In such a solid-state imaging device, a plurality of lead terminals 4 protruding outside the package for accommodating the solid-state imaging device are connected to a predetermined external electric circuit, and each electrode of the solid-state imaging device 3 housed inside is connected to the external electric circuit. Connected and irradiates and forms an optical image on the solid-state imaging device 3 through the lid 2,
By causing the solid-state imaging device 3 to perform photoelectric conversion, it functions as an imaging device such as a video camera.

The present invention is not limited to the above-described embodiment, and various modifications can be made without departing from the gist of the present invention.

[0044]

According to the solid-state imaging device of the present invention, since the base of the package for storing the solid-state imaging device is formed of a thermoplastic resin having a short curing time, the base is formed by injection molding (injection molding). In addition, a part of the thermoplastic resin does not enter the mating portion of the resin molding die and burrs are not formed on the inner and outer surfaces, and as a result, the appearance defect caused by the burrs can be effectively prevented and The inner end of the lead terminal is not covered with burrs, and the bonding wire connected to each electrode of the semiconductor element can be securely and firmly connected to the lead terminal.

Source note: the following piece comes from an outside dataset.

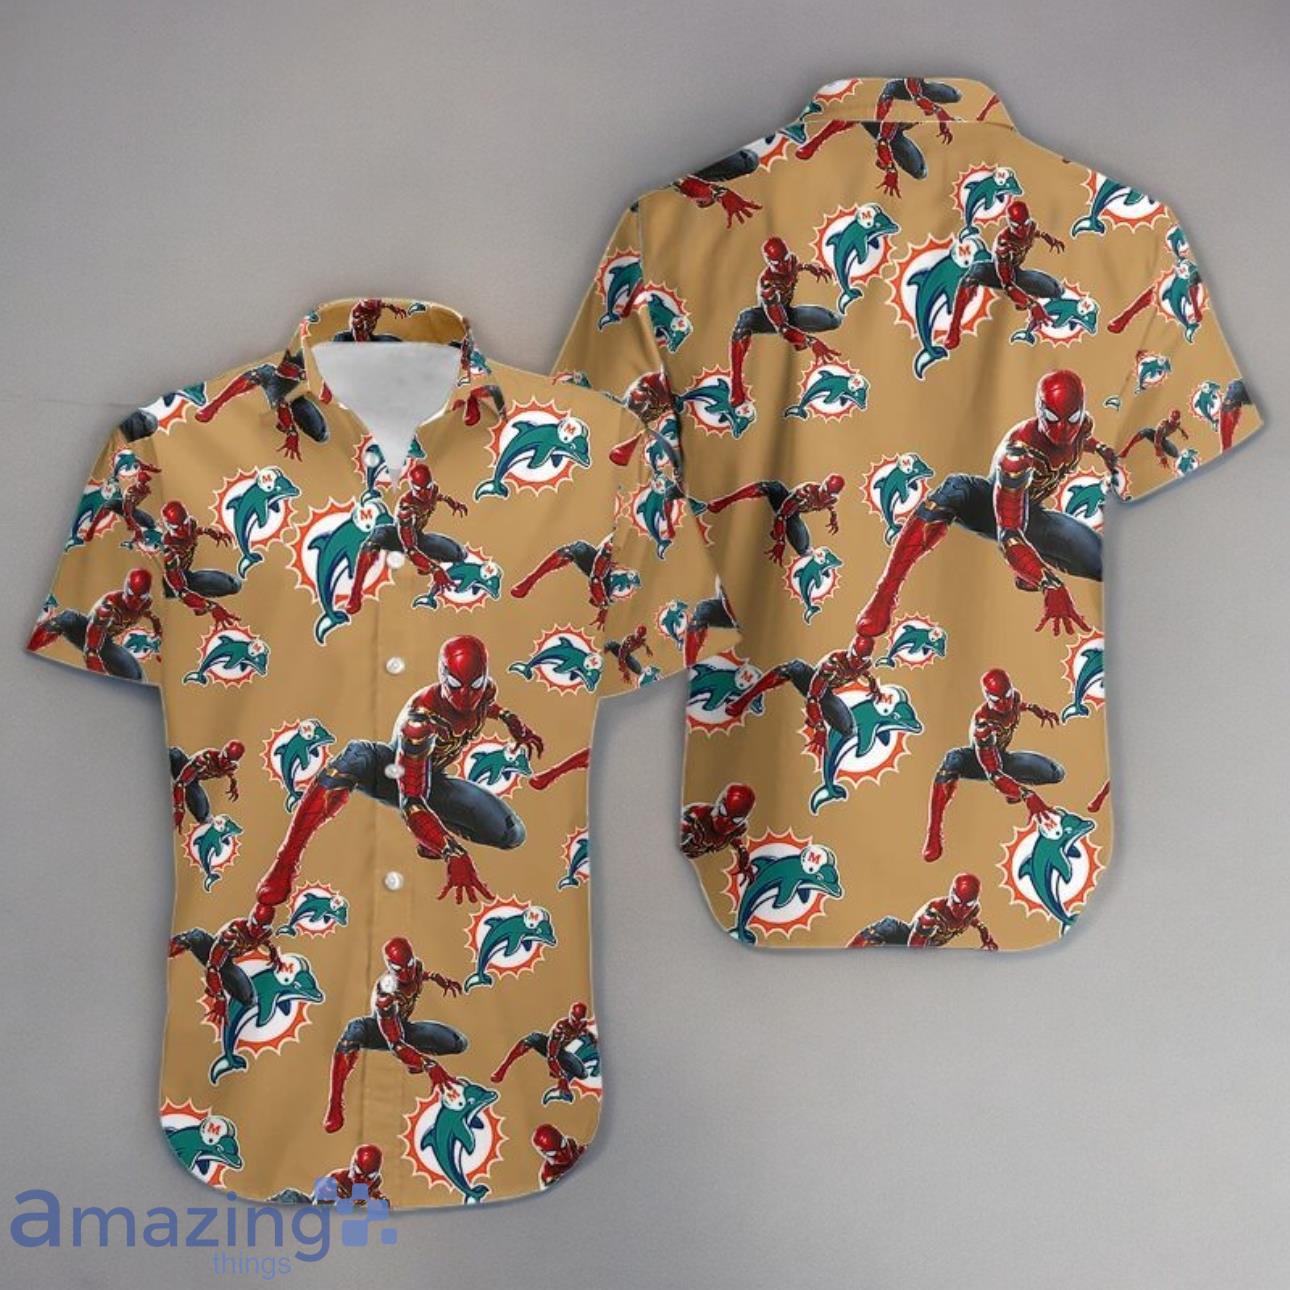 Spiderman Exclusive Avengers Fashion Hawaiian Camp Shirt Miami Dolphins Nfl Product Photo 1

Further, since no burrs which cause poor appearance or the like are formed on the inner and outer surfaces of the substrate, a step for removing the burrs is not performed. A part of the removed burrs does not enter into the concave portion of the substrate. As a result, it is possible to cause the solid-state imaging device to perform accurate photoelectric conversion corresponding to an external optical image.

Further, when the substrate is manufactured by the injection molding method, the thermoplastic resin is cooled and solidified in a mold in a short time, so that the mass productivity of the substrate is extremely excellent, and the solid-state imaging device as a product is inexpensive. Can be made.

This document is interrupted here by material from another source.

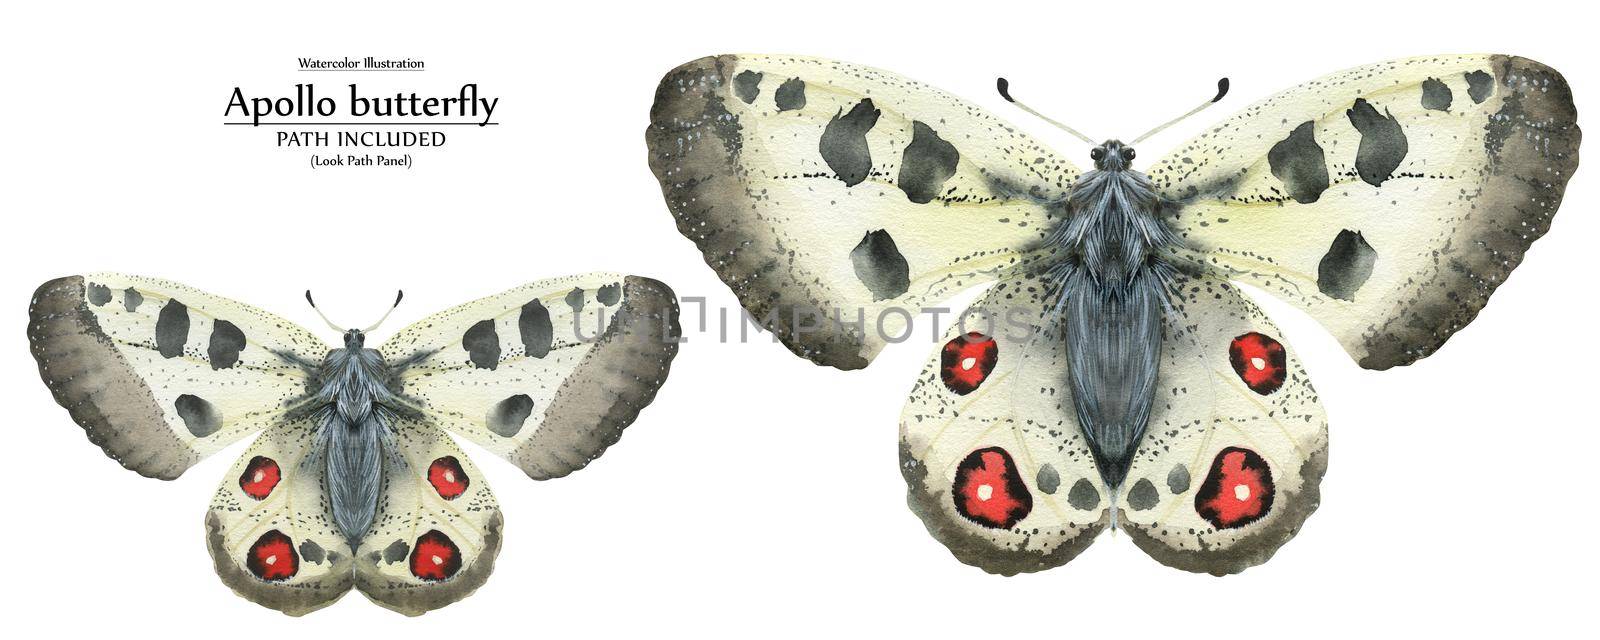 White butterfly Apollo by watercolor. Realistic illustration of wild nature. Isolated, path included

[Brief description of the drawings]

FIG. 1 is a sectional view showing an embodiment of a solid-state imaging device according to the present invention.

[Explanation of symbols]

 DESCRIPTION OF SYMBOLS 1 ... Base 2 ... Lid 3 ... Solid-state imaging device 4 ... Lead terminal 6 ... ·····················································

Claims (4)

[Claims] 1. A base made of a thermoplastic resin having a deflection temperature under load of 200 ° C. or more and having a concave portion for accommodating a solid-state imaging device on an upper surface, and a base formed by injection molding, and from inside to outside of the concave portion. A plurality of lead terminals derived,
The solid-state imaging device housed in the concave portion of the base, and a lid made of translucent glass that is joined to the upper surface of the base via a sealing material and seals the concave portion, wherein the sealing material is elastic. A solid-state imaging device, which is formed of an organic resin having a rate of 5 GPa or less, and wherein a moisture-proof material is provided in a region of the recess from which a lead terminal extends. 2. The solid-state imaging device according to claim 1, wherein said substrate is formed of polyphenylene sulfide or a liquid crystal polymer of a hot-melt type. 3. The solid-state imaging device according to claim 1, wherein the sealing material is formed by adding 5 to 50% by weight of acrylic rubber particles to an epoxy resin. 4. The solid-state imaging device according to claim 1, wherein said moisture-proof material is formed by adding 10 to 80% by weight of silica powder to epoxy resin.